Turning scar into muscle

Abstract

After the demonstration that somatic cells could be reprogrammed to a pluripotent state, exciting new prospects were opened for the cardiac regeneration field. It did not take long for the development of strategies to convert somatic cells directly into cardiomyocytes. Despite the intrinsic difficulties of cell reprogramming, such as low efficiency, the therapeutic possibilities created by the ability to turn scar into muscle are enormous. Here, we discuss some of the major advances and strategies used in direct cardiac reprogramming and examine discrepancies and concerns that still need to be resolved in the field.

Key Words: Direct reprogramming, Cardiomyocytes, Induced pluripotent stem cells, Cardiac regeneration, microRNAs

INVITED COMMENTARY ON HOT ARTICLES

Every cardiologist’s dream come true - to transform scar into muscle - seemed closer to becoming real when, in 2010, Ieda et al[1] at the Gladstone Institute in California published in the journal Cell about the direct conversion of fibroblasts derived from neonatal hearts and tail-tips of mice into cardiomyocyte-like cells using three transcription factors. The group followed the strategy devised by the seminal work of Takahashi et al[2], who demonstrated for the first time that somatic cells could be reprogrammed to a pluripotent state through the overexpression of 4 transcription factors. In their original work, Takahashi et al[2] used an antibiotic selection gene system to investigate, out of 24 candidates, which transcription factors were critical for the generation of induced pluripotent stem (iPS) cells. Using a similar strategy, Ieda et al[1] tested 14 cardiac transcription factors and, by serially withdrawing each factor, they came across a combination of three factors that were necessary and sufficient to induce the reprogramming of fibroblasts into what they called induced-cardiomyocytes (iCM) both in vitro and in vivo. These three factors were Gata4, Mef2c and Tbx5 (GMT), well known transcription factors activated during cardiogenesis.

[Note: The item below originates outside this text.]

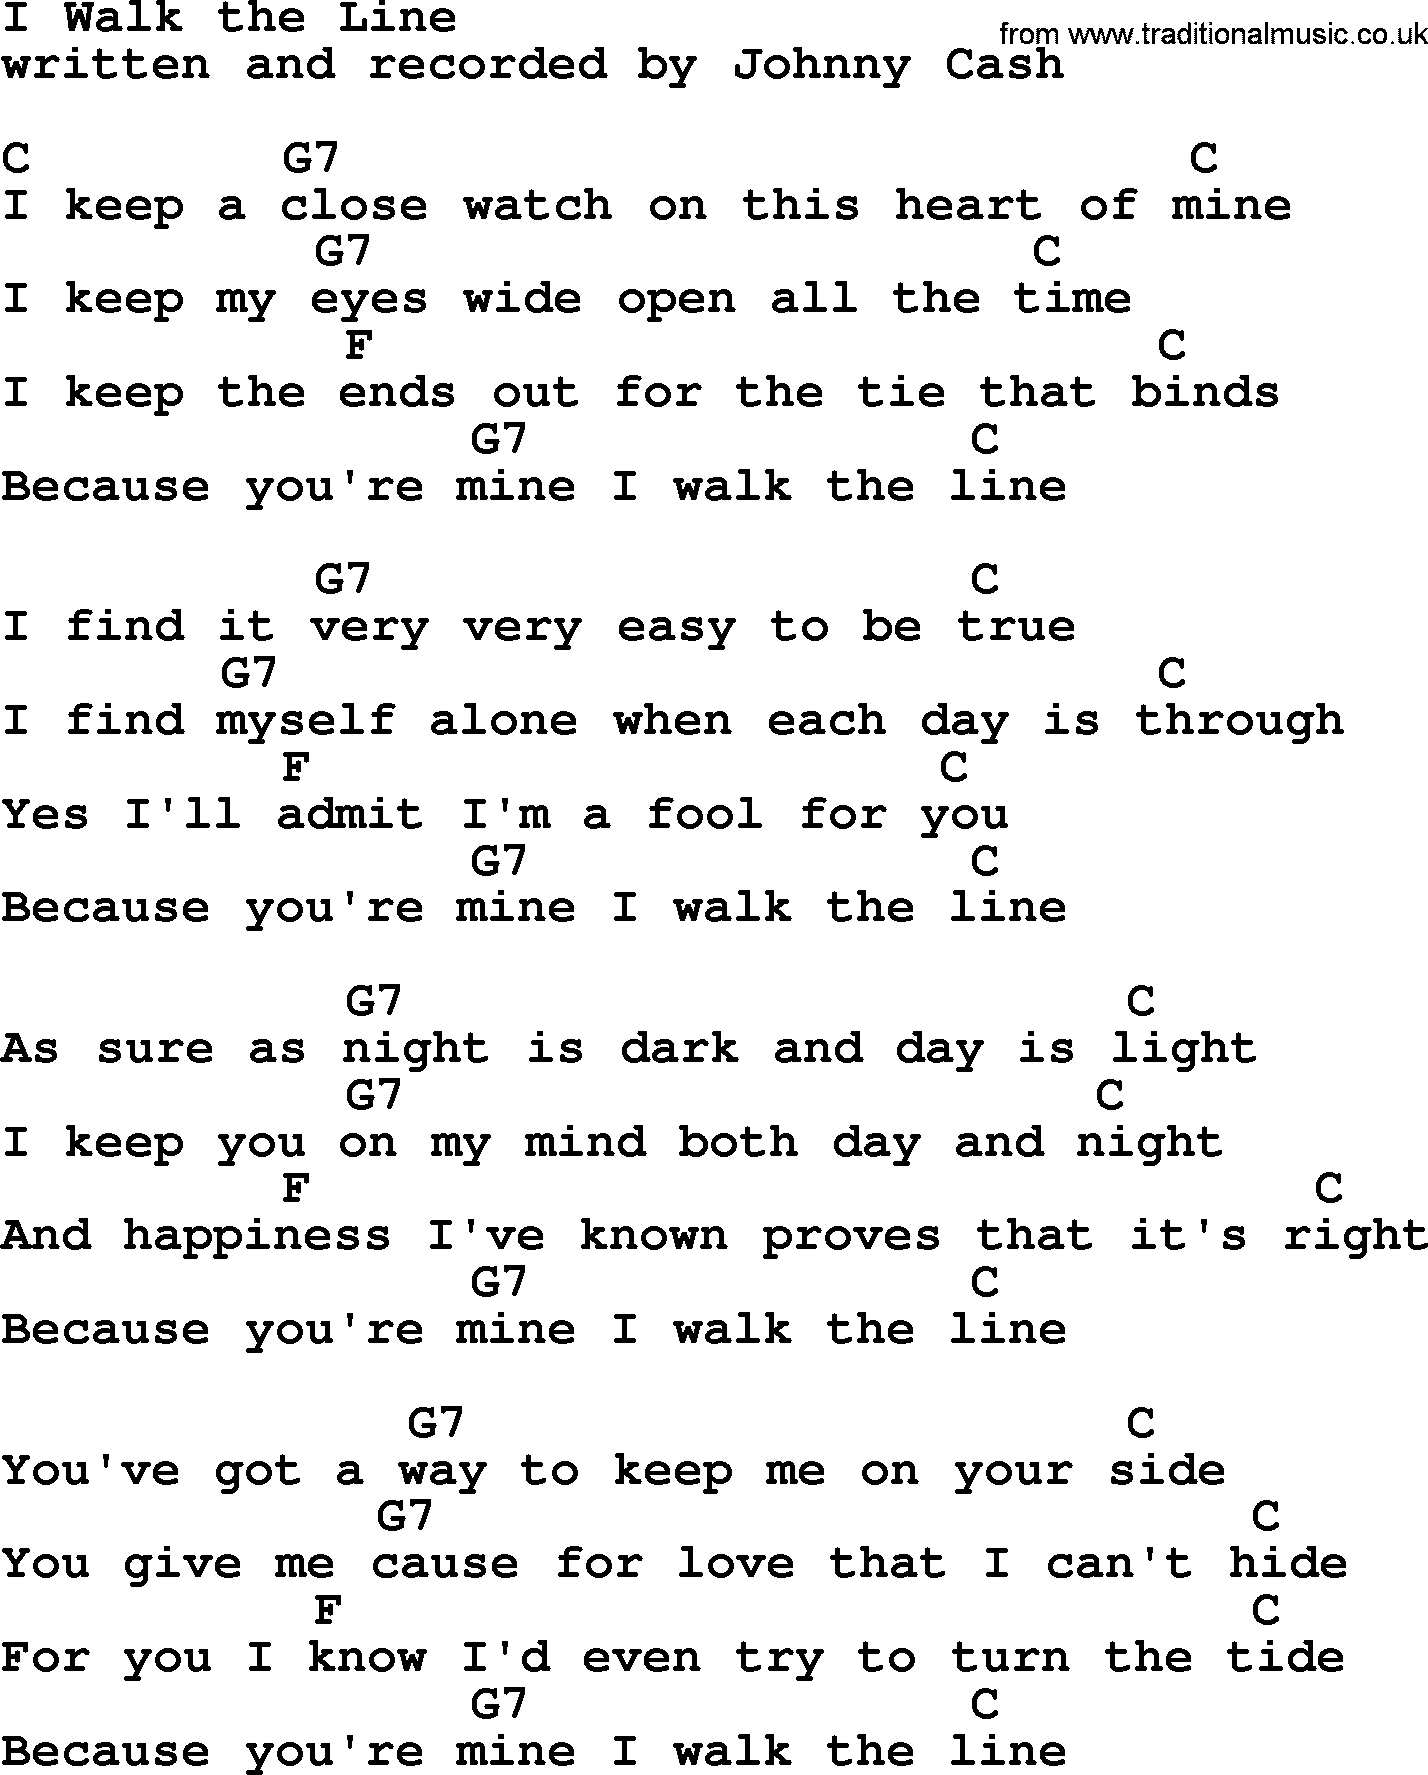 Johnny Cash song I Walk The Line, lyrics and chords

Major advances that led to this exciting discovery are summarized in Table 1.

Table 1 Advances in cell reprogramming.

Year	Major advances	Ref.
2006	First report to demonstrate that it was possible to reprogram mouse somatic cells to a pluripotent state through the overexpression of 4 transcription factors	[2]
2007	Reprogramming of human cells to a pluripotent state was achieved	[6,7]
2008	First evidence of direct reprogramming of somatic cells from the same organ (pancreatic exocrine cells to beta-cells) without a pluripotency step	[8]
2010	First report of direct reprogramming of somatic cells into an unrelated tissue (tail-tip fibroblasts to neurons)	[9]
2010	Direct reprogramming of somatic cells to cardiomyocytes through the overexpression of 3 cardiac transcription factors was reported	[1]
2012	In vivo direct reprogramming of fibroblasts to cardiomyocytes was demonstrated through the injection of viral vectors into infarcted myocardium	[3,4]
2012	First report of direct reprogramming of somatic cells to cardiomyocytes by microRNAs	[5]

The findings of Ieda et al[1] were based on the expression of the enhanced green fluorescent protein (eGFP) driven by the α-myosin heavy chain (α-MHC) gene promoter. Therefore, if a fibroblast was converted to an iCM by retroviral transduction with the factors, the cell would become green. Fluorescent activated cell sorting would then allow identification and purification of the iCM. While transducing 14 factors induced only 1.7% of the fibroblasts to become green, GMT transduction resulted in 20% of the cells becoming green. However, expression of eGFP meant that the α-MHC gene promoter was being activated in the transduced cells, not that they had become true cardiomyocytes. Using a second screening round, now examining the expression of cardiac troponin T (cTnT), Ieda et al[1] found that only 30% of the green cells were also positive for this cardiac marker. Furthermore, when they compared global gene expression profiles, iCM displayed similar, but not identical, gene expression to neonatal cardiomyocytes. But even though not all reprogrammed cells expressed genes or proteins characteristic of neonatal cardiomyocytes, in those that did, approximately 30% showed intracellular calcium concentration oscillations and fired action potentials after 4-5 wk in culture. In the end, about 1%-2% of the reprogrammed cells were beating iCM. Clearly, the method needed improvement and robustness before one could envisage its application as therapy. In addition, independent confirmation by other laboratories was in order.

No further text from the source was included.